静岡の中高生は部活や夏休みの理科研究発表会を経て梅太郎賞を貰った人も多いはず。
> 「これは新しい栄養素である」を訳さなかった人物は切腹モノだね。
鈴木梅太郎の発見したビタミンB1が多く含まれる「米糠」を食事に取り入れることによって、戦前の日本海軍は脚気をほぼ完全に撲滅することができました。

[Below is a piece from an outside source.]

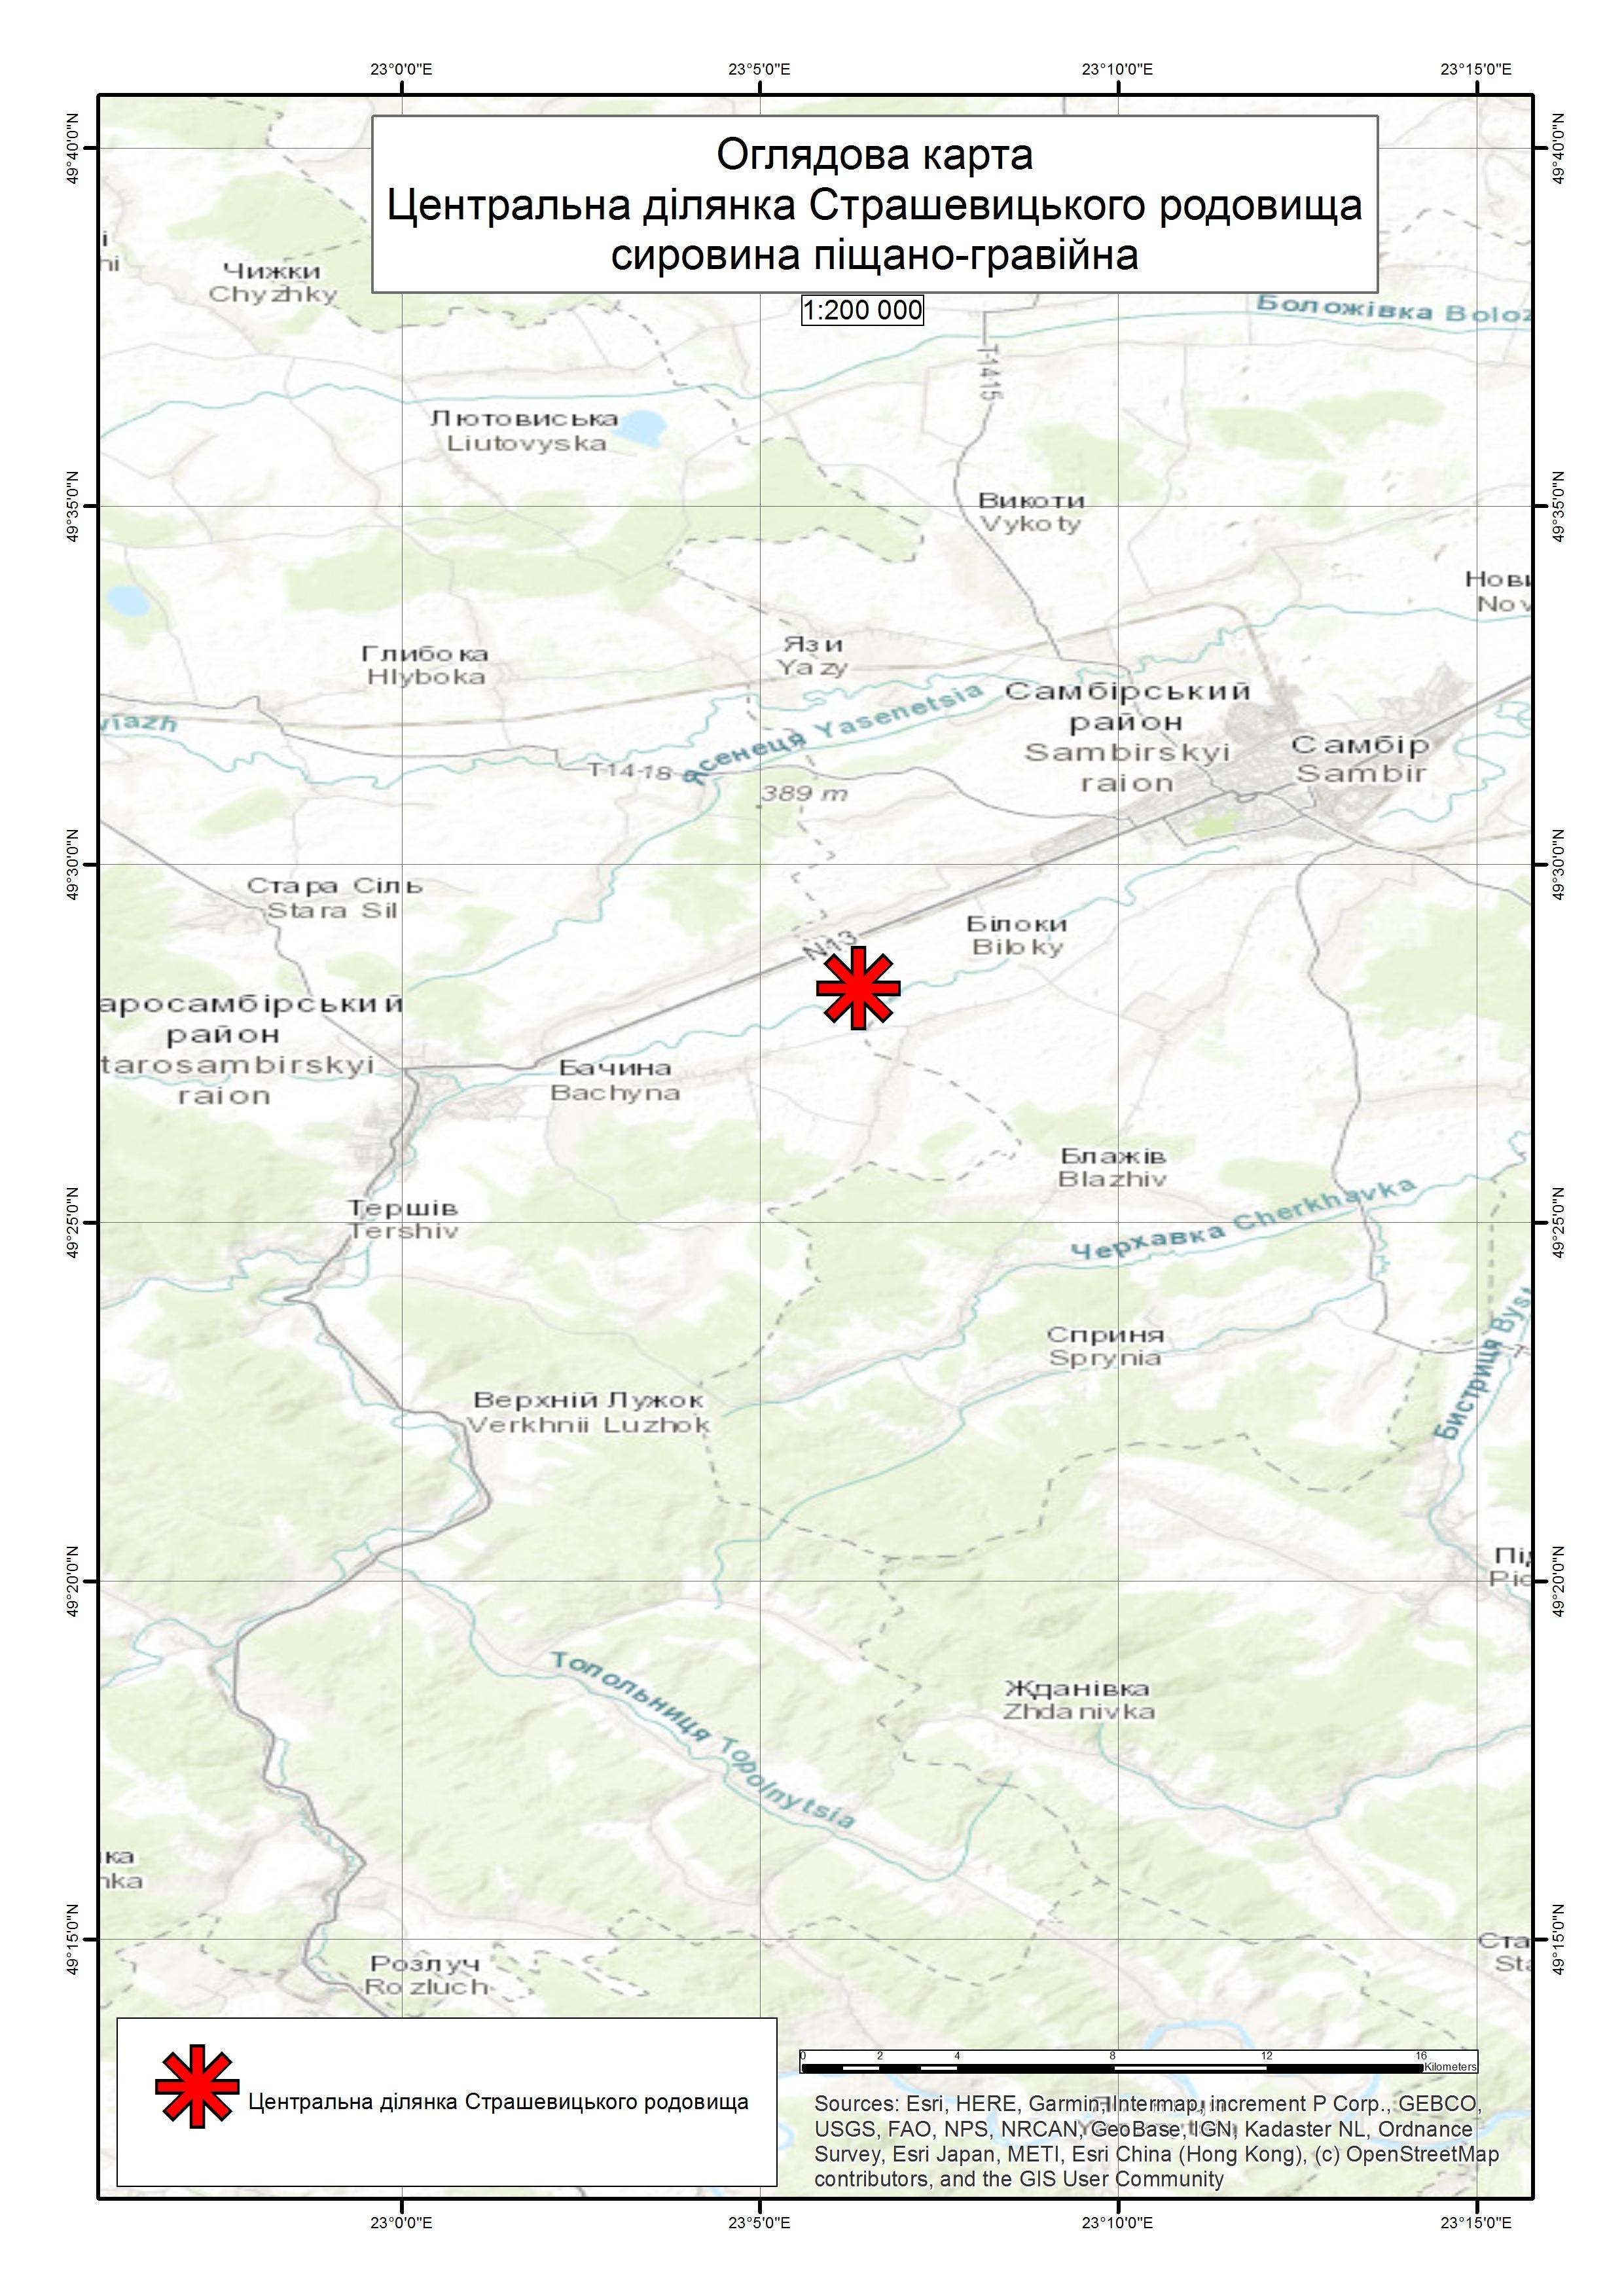 Спеціальний дозвіл на користування надрами – Ділянка Центральна Страшевицького родовища. Вартість геологічної інформації – 72 847,31 грн (з ПДВ). Вартість пакету аукціонної документації – 24 751,15 грн (з ПДВ).

しかしながらこれと対照的に、陸軍では、海軍の予防活動が上記のように成功した時代になっても「米糠摂取療法」を全く取り入れることがなく、挙句に何千人もの犠牲者を出すこととになりました。そのように誤った医学的見解を強力に主張したのは、高名な文学者であり、ヨーロッパへの医学留学経験もあるエリート医師であった「森鴎外」です。つまり、戦前の日本で脚気による幾多の犠牲者を生み出したのは、鈴木梅太郎によるビタミンB1の発見とその効果を頑として認めなかった「森鴎外の犯罪行為」とも言える判断ミスが原因なのです。
このことから分ることは、文学だったら自己の主観に基づいて大きな業績も残せるだろうが、医学を含めたサイエンスの世界においては、たとえ一国を代表する偉大な権威者であったとしても、他者の業績と事実とを客観的に真摯に評価する姿勢を失えば、たちまち凡人以下の無能なエセ学者に陥るということです。理数系の学問とは、事実の積み重ねに基づいて構築されているのです。
私は歴史もそうであるべきだと思います。